Bioinformatics has become an important part of many areas of biology. In experimental


molecular biology, bioinformatics techniques such as image and signal processing allow
extraction of useful results from large amounts of raw data. In the field of genetics and genomics,
it aids in sequencing and annotating genomes and their observed mutations. It plays a role in the
textual mining of biological literature and the development of biological and gene ontologies to
organize and query biological data. It plays a role in the analysis of gene and protein expression
and regulation. Bioinformatics tools aid in the comparison of genetic and genomic data and more
generally in the understanding of evolutionary aspects of molecular biology. At a more
integrative level, it helps analyse and catalogue the biological pathways and networks that are an
important part of systems biology. In structural biology, it aids in the simulation and modeling of
DNA, RNA, and protein structures as well as molecular interactions. Researchers affiliated with
our program conduct research in systems biology, genomics, and proteomics.
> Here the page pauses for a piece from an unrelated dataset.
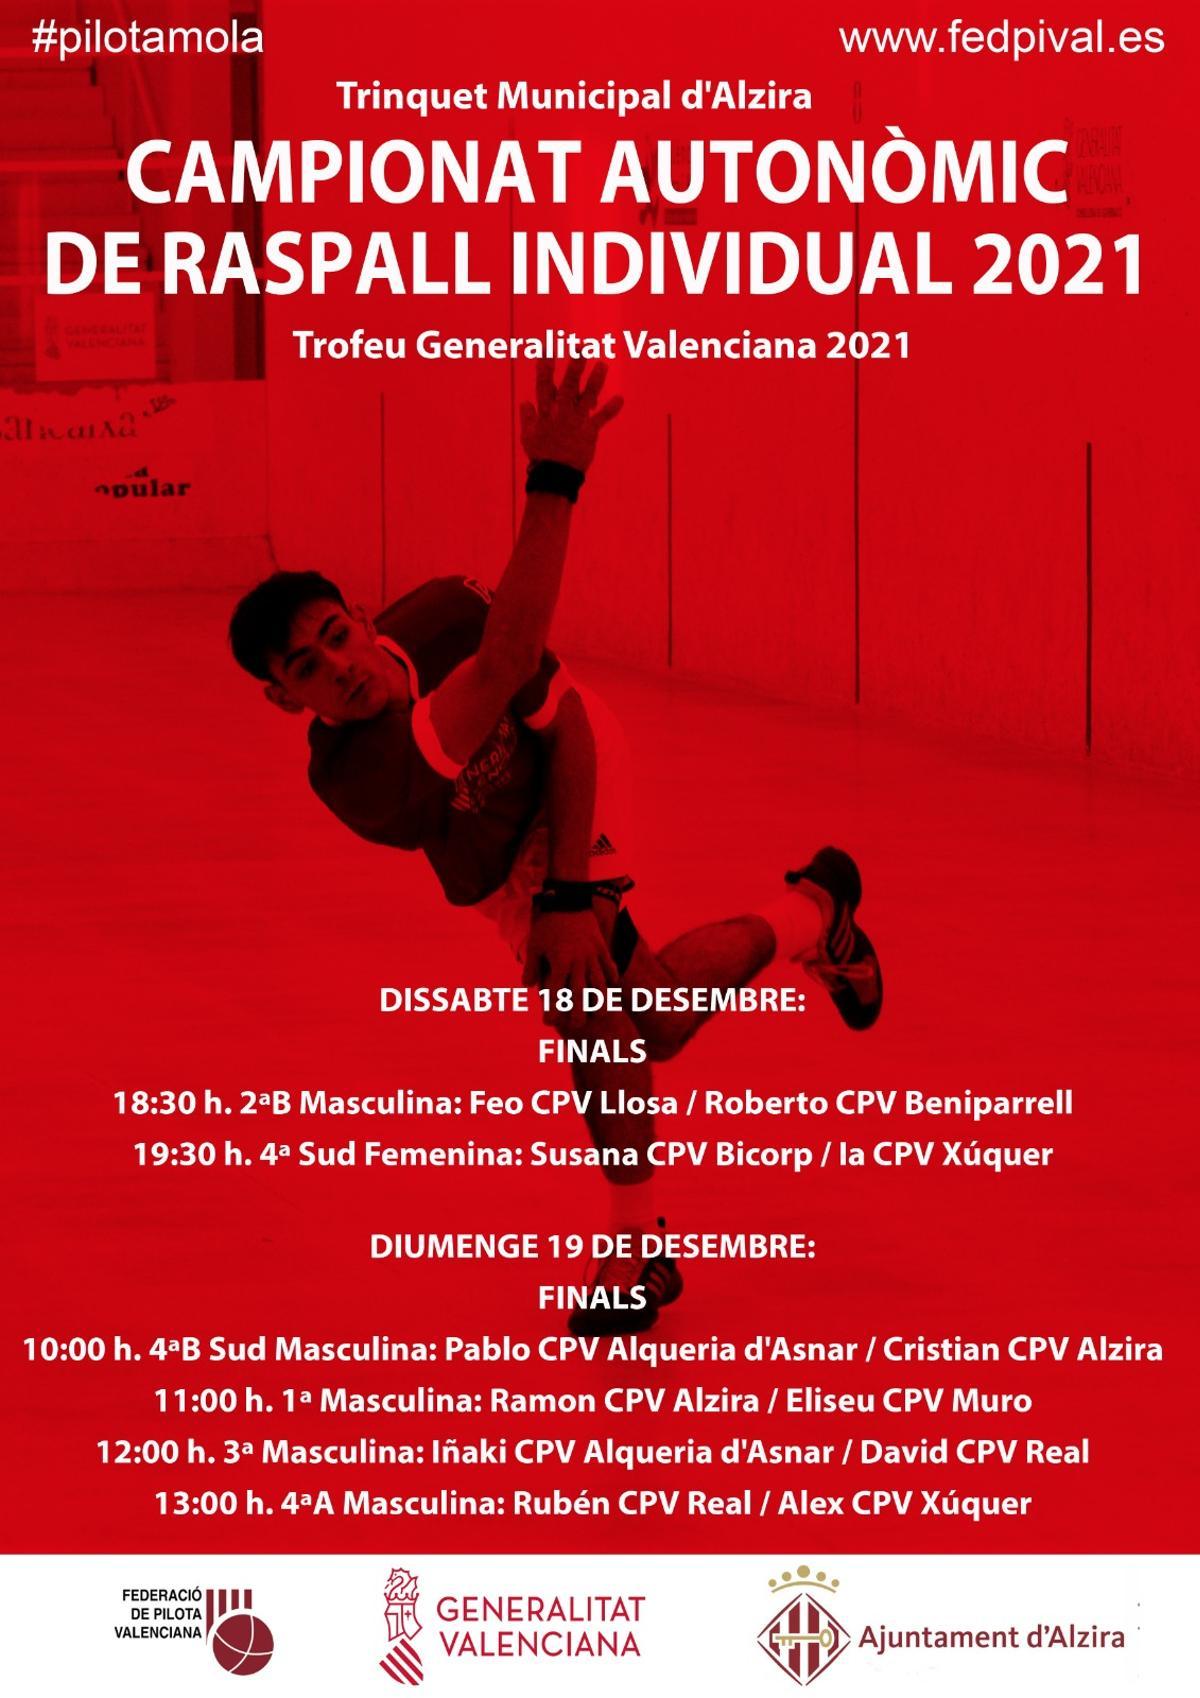 Les finals a la seu d’Alzira començaran el dissabte a les 18:30h entre Feo CPV Llosa i Roberto CPV Beniparrell.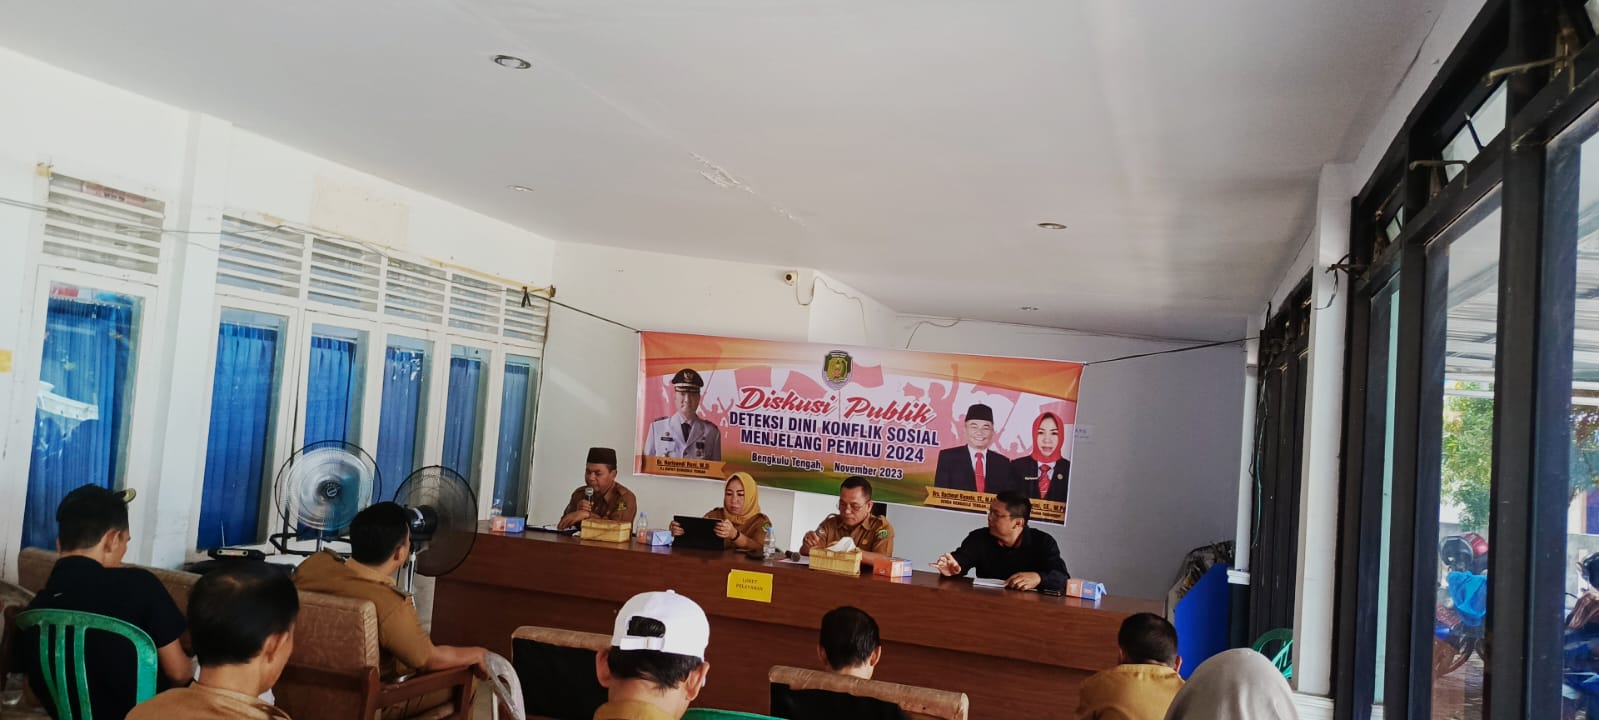 Cegah Konflik Sosial Pada Pemilu 2024, Kesbangpol Ajak Diskusi Publik Perwakilan 11 Kecamatan

Systems Biology: Systems biology is an emerging approach applied to biomedical and biological
scientific research. Systems biology is a biology-based inter-disciplinary field of study that
focuses on complex interactions within biological systems, using a more holistic perspective
(holism instead of the more traditional reductionism) approach to biological and biomedical
research. Particularly from year 2000 onwards, the concept has been used widely in the
biosciences in a variety of contexts. One of the outreaching aims of systems biology is to model
and discover emergent properties, properties of cells, tissues and organisms functioning as a
system whose theoretical description is only possible using techniques which fall under the remit
of systems biology.

Genomics: Genomics is a discipline in genetics that applies recombinant DNA, DNA


sequencing methods, and bioinformatics to sequence, assemble, and analyse the function and
structure of genomes (the complete set of DNA within a single cell of an organism). The field
includes efforts to determine the entire DNA sequence of organisms and fine-scale genetic
mapping. The field also includes studies of intragenomic phenomena such as heterosis, epistasis,
pleiotropy and other interactions between loci and alleles within the genome. In contrast, the
investigation of the roles and functions of single genes is a primary focus of molecular biology or
genetics and is a common topic of modern medical and biological research. Research of single
genes does not fall into the definition of genomics unless the aim of this genetic, pathway, and
functional information analysis is to elucidate its effect on, place in, and response to the entire
genome’s networks.
Metagenomics: Metagenomics is the study of metagenomes, genetic material recovered directly
from environmental samples. The broad field may also be referred to as environmental
genomics, ecogenomics or community genomics. While traditional microbiology and microbial
genome sequencing and genomics rely upon cultivated clonal cultures, early environmental gene
sequencing cloned specific genes (often the 16S rRNA gene) to produce a profile of diversity in
a natural sample. Such work revealed that the vast majority of microbial biodiversity had been
missed by cultivation-based methods. Recent studies use “shotgun” Sanger sequencing or
massively parallel pyrosequencing to get largely unbiased samples of all genes from all the
members of the sampled communities. Because of its ability to reveal the previously hidden
diversity of microscopic life, metagenomics offers a powerful lens for viewing the microbial
world that has the potential to revolutionize understanding of the entire living world.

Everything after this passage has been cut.